AIM OF THE TASK:
Your task is to transcribe all of the data below exactly, omitting the images.

RAW DATA:
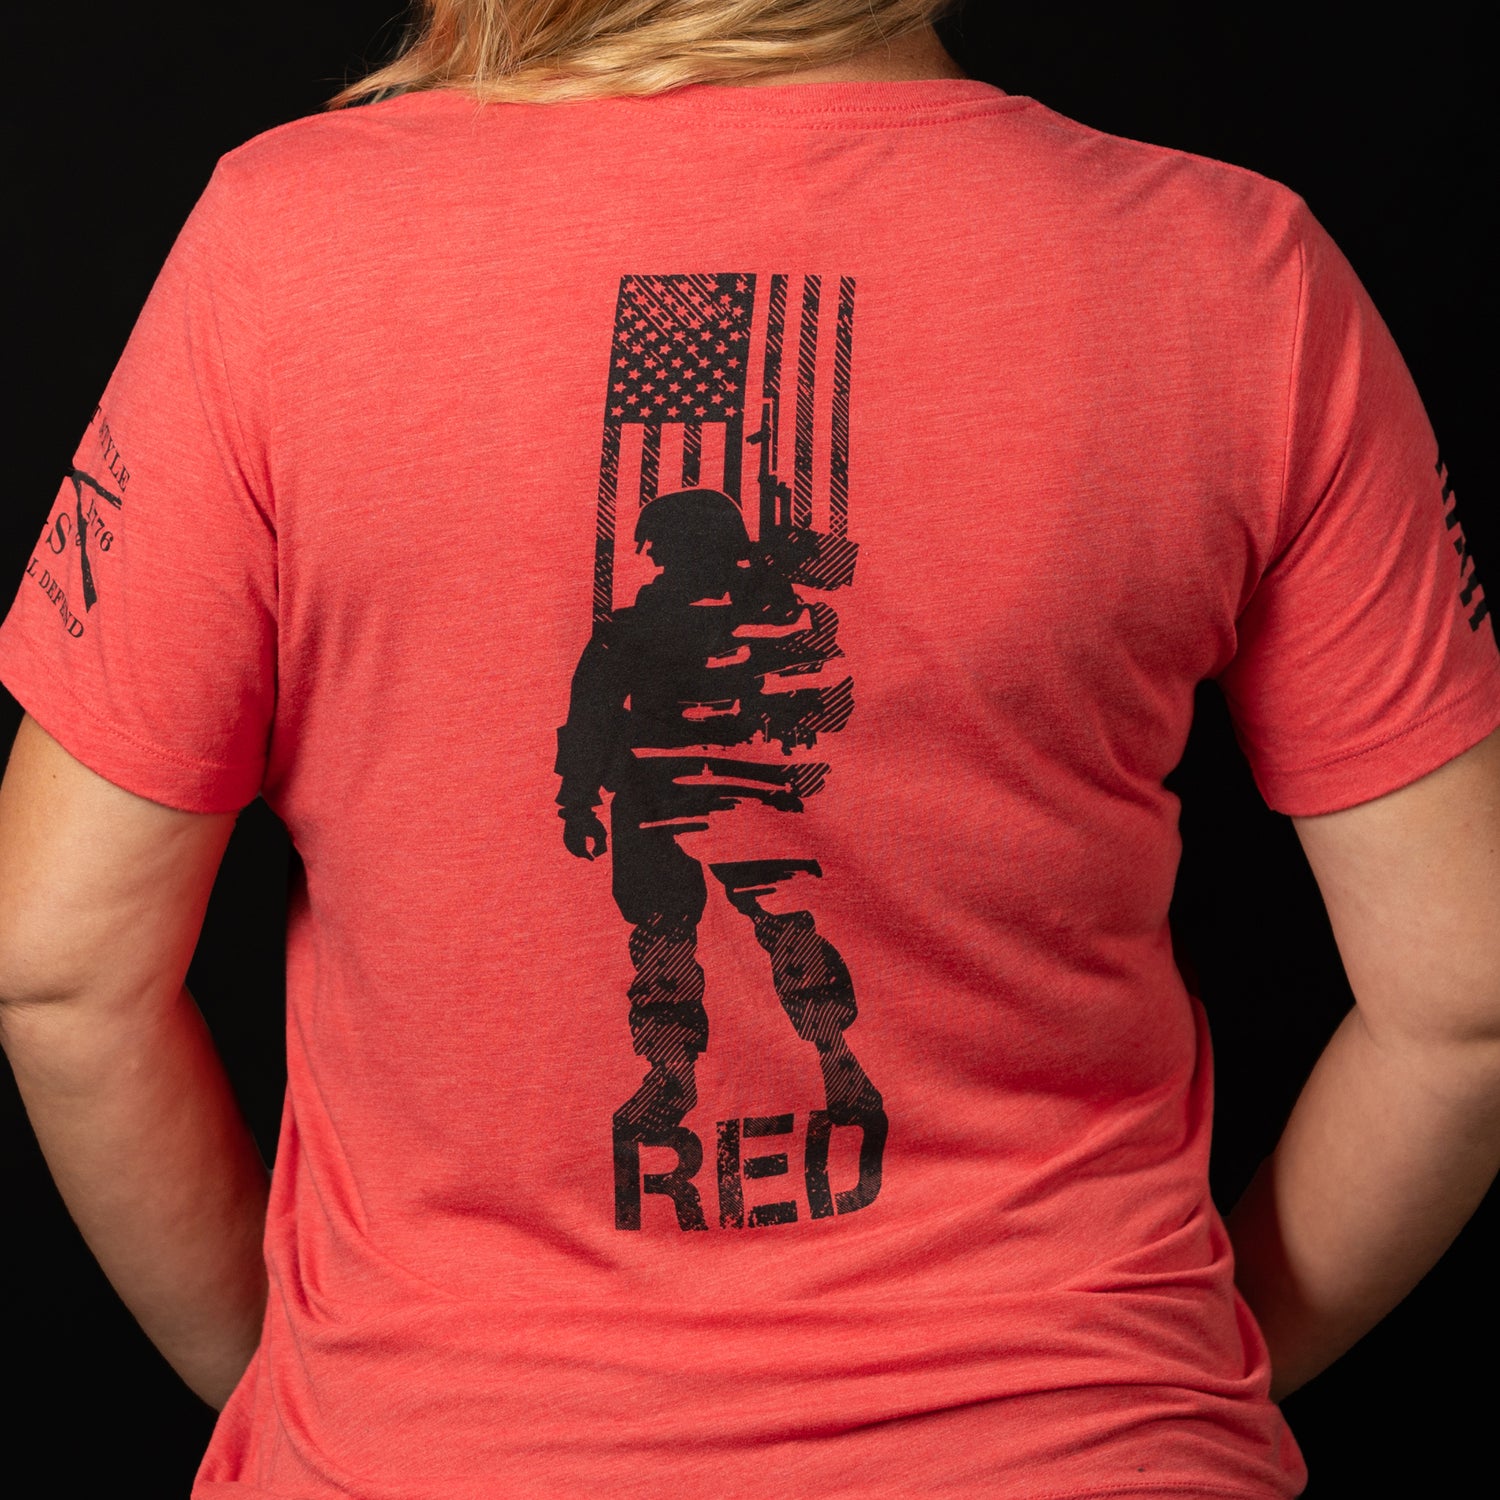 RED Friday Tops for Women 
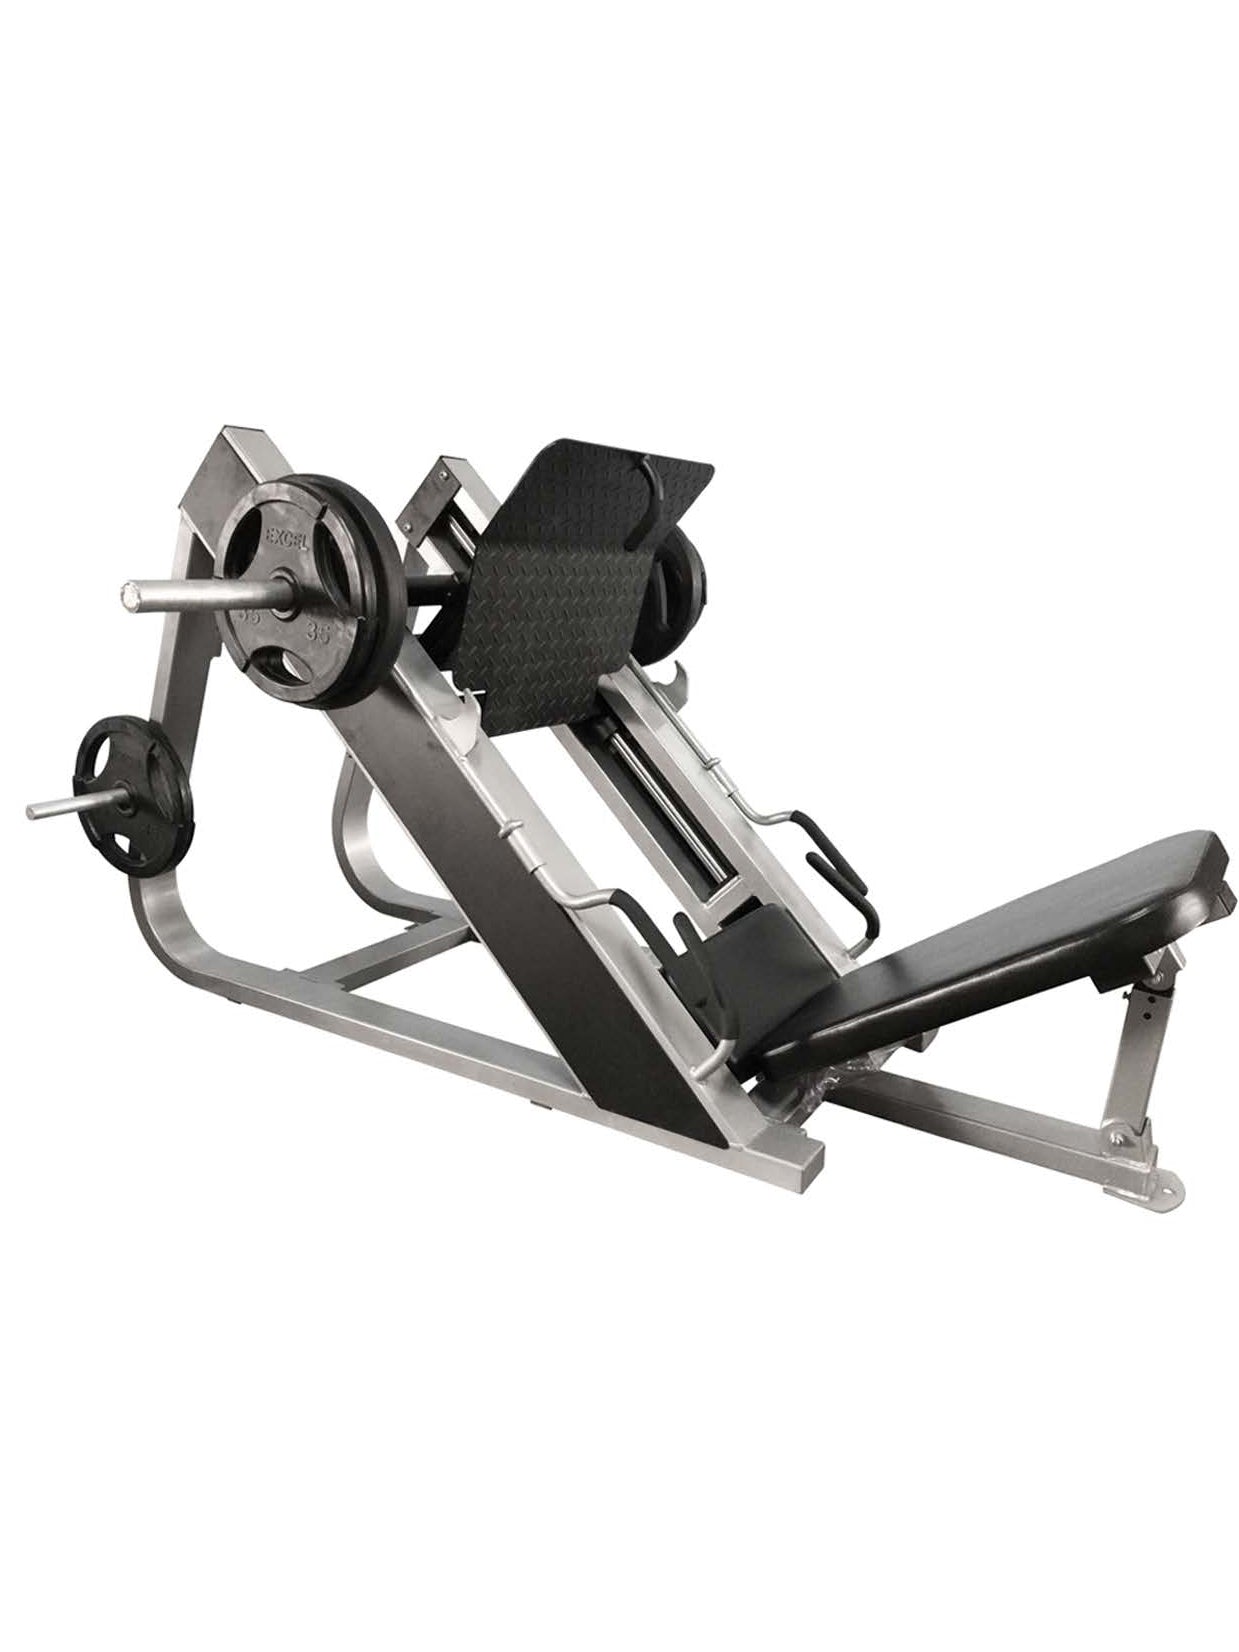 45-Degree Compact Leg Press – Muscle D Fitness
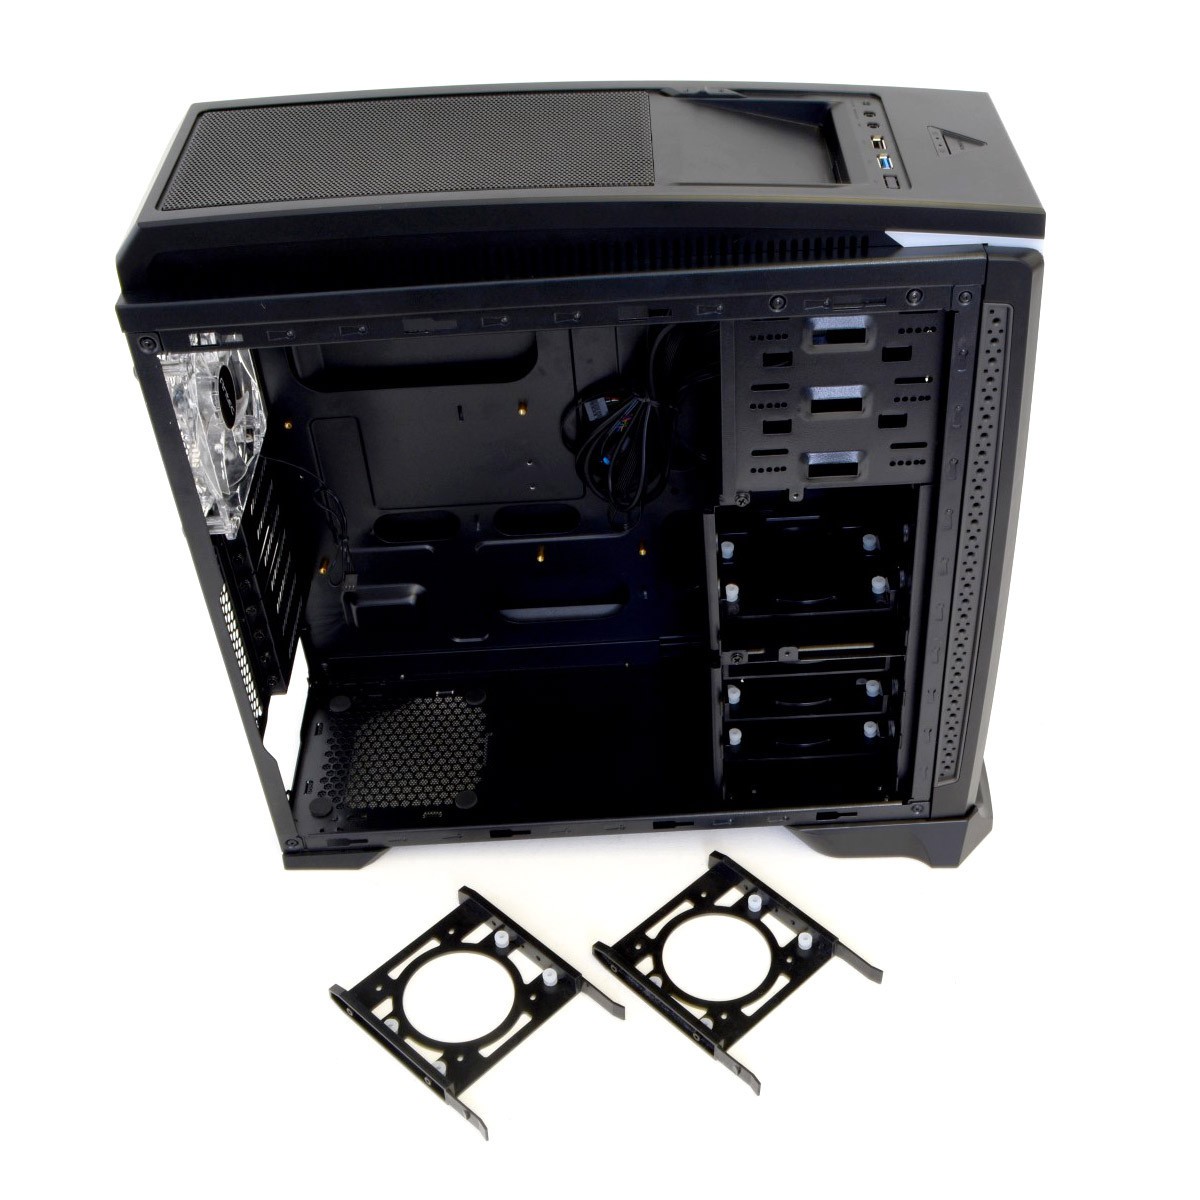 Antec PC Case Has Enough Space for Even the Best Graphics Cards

RESPONSE TO THE EXERCISE:
 RED Friday Tops for Women 
 45-Degree Compact Leg Press – Muscle D Fitness
 Antec PC Case Has Enough Space for Even the Best Graphics Cards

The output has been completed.